• [Problem details]:
Exactly reproduce the lines beginning with the line that includes "USC Jack Banta" and ending with the last line of the data.

Start of Records to process

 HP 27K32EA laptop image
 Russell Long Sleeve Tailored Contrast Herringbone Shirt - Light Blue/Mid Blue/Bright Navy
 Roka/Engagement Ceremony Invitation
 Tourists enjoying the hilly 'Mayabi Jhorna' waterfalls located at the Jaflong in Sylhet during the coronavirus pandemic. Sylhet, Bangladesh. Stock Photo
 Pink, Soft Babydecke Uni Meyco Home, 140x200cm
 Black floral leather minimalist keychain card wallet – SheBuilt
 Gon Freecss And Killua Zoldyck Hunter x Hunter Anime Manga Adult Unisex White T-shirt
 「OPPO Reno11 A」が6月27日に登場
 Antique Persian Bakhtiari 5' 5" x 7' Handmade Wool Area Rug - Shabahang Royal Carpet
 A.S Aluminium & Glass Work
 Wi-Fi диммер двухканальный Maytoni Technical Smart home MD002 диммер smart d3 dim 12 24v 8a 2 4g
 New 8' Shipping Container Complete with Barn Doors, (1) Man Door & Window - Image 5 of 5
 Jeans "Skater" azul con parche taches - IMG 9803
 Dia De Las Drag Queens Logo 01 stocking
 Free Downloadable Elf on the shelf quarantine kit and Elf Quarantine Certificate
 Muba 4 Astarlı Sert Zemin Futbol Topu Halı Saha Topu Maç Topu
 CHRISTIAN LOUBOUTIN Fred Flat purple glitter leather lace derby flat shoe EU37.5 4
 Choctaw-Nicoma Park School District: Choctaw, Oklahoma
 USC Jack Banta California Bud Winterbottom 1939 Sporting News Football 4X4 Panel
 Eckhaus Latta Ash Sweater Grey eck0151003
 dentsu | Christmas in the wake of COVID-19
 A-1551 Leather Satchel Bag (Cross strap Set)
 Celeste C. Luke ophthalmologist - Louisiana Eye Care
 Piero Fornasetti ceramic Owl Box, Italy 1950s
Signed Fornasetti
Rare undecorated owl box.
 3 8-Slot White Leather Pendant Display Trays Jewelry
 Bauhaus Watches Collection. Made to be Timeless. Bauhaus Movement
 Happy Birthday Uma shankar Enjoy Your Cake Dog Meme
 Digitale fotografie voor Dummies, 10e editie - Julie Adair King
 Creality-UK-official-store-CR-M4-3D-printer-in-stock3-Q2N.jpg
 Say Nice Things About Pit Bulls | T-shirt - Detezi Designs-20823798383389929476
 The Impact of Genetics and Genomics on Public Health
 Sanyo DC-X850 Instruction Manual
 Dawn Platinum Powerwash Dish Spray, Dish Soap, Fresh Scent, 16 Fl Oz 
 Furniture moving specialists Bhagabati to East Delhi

End of Records to process

• [Answer to this task]:
 USC Jack Banta California Bud Winterbottom 1939 Sporting News Football 4X4 Panel
 Eckhaus Latta Ash Sweater Grey eck0151003
 dentsu | Christmas in the wake of COVID-19
 A-1551 Leather Satchel Bag (Cross strap Set)
 Celeste C. Luke ophthalmologist - Louisiana Eye Care
 Piero Fornasetti ceramic Owl Box, Italy 1950s
Signed Fornasetti
Rare undecorated owl box.
 3 8-Slot White Leather Pendant Display Trays Jewelry
 Bauhaus Watches Collection. Made to be Timeless. Bauhaus Movement
 Happy Birthday Uma shankar Enjoy Your Cake Dog Meme
 Digitale fotografie voor Dummies, 10e editie - Julie Adair King
 Creality-UK-official-store-CR-M4-3D-printer-in-stock3-Q2N.jpg
 Say Nice Things About Pit Bulls | T-shirt - Detezi Designs-20823798383389929476
 The Impact of Genetics and Genomics on Public Health
 Sanyo DC-X850 Instruction Manual
 Dawn Platinum Powerwash Dish Spray, Dish Soap, Fresh Scent, 16 Fl Oz 
 Furniture moving specialists Bhagabati to East Delhi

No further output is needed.